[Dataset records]
━━━━━━━━━━━━━━━━━━━━

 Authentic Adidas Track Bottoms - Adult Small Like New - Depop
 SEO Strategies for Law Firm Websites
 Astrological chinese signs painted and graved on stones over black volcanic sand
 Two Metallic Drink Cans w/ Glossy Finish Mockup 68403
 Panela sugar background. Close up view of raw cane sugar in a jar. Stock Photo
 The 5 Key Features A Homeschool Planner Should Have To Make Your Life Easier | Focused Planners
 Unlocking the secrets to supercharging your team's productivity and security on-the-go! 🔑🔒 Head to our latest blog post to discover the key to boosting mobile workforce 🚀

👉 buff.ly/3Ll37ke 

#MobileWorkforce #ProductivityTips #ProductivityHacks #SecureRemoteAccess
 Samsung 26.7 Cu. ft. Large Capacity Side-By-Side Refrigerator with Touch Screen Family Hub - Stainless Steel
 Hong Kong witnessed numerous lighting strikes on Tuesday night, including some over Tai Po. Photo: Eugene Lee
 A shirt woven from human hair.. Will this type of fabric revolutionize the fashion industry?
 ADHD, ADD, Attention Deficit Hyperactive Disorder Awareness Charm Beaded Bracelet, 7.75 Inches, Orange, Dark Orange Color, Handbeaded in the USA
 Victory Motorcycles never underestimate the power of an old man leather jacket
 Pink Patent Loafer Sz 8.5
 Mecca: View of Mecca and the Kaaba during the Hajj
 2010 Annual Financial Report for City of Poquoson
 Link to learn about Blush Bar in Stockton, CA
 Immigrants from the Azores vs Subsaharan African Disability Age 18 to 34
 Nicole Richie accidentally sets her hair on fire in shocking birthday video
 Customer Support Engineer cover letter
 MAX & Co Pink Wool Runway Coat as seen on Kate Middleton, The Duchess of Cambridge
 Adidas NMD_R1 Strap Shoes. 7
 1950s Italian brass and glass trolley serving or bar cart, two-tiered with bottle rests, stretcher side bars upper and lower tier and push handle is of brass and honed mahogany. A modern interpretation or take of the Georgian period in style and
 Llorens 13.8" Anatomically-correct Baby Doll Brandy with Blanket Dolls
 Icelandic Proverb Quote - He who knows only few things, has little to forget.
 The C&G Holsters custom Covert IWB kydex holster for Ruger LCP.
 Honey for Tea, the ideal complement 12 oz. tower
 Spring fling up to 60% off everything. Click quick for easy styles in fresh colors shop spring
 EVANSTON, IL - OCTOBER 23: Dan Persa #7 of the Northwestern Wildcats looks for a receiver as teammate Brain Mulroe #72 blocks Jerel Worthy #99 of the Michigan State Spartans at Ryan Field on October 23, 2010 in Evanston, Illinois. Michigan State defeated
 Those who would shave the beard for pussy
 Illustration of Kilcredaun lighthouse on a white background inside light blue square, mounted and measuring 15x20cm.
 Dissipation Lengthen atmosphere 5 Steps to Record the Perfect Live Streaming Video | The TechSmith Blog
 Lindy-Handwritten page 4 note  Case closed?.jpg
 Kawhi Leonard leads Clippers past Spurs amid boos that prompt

━━━━━━━━━━━━━━━━━━━━

* _Exercise_:
Please write out exactly the line containing "Customer Support Engineer cover letter" and every line after it through the end of the records, nothing more.

* _Exercise answer_:
 Customer Support Engineer cover letter
 MAX & Co Pink Wool Runway Coat as seen on Kate Middleton, The Duchess of Cambridge
 Adidas NMD_R1 Strap Shoes. 7
 1950s Italian brass and glass trolley serving or bar cart, two-tiered with bottle rests, stretcher side bars upper and lower tier and push handle is of brass and honed mahogany. A modern interpretation or take of the Georgian period in style and
 Llorens 13.8" Anatomically-correct Baby Doll Brandy with Blanket Dolls
 Icelandic Proverb Quote - He who knows only few things, has little to forget.
 The C&G Holsters custom Covert IWB kydex holster for Ruger LCP.
 Honey for Tea, the ideal complement 12 oz. tower
 Spring fling up to 60% off everything. Click quick for easy styles in fresh colors shop spring
 EVANSTON, IL - OCTOBER 23: Dan Persa #7 of the Northwestern Wildcats looks for a receiver as teammate Brain Mulroe #72 blocks Jerel Worthy #99 of the Michigan State Spartans at Ryan Field on October 23, 2010 in Evanston, Illinois. Michigan State defeated
 Those who would shave the beard for pussy
 Illustration of Kilcredaun lighthouse on a white background inside light blue square, mounted and measuring 15x20cm.
 Dissipation Lengthen atmosphere 5 Steps to Record the Perfect Live Streaming Video | The TechSmith Blog
 Lindy-Handwritten page 4 note  Case closed?.jpg
 Kawhi Leonard leads Clippers past Spurs amid boos that prompt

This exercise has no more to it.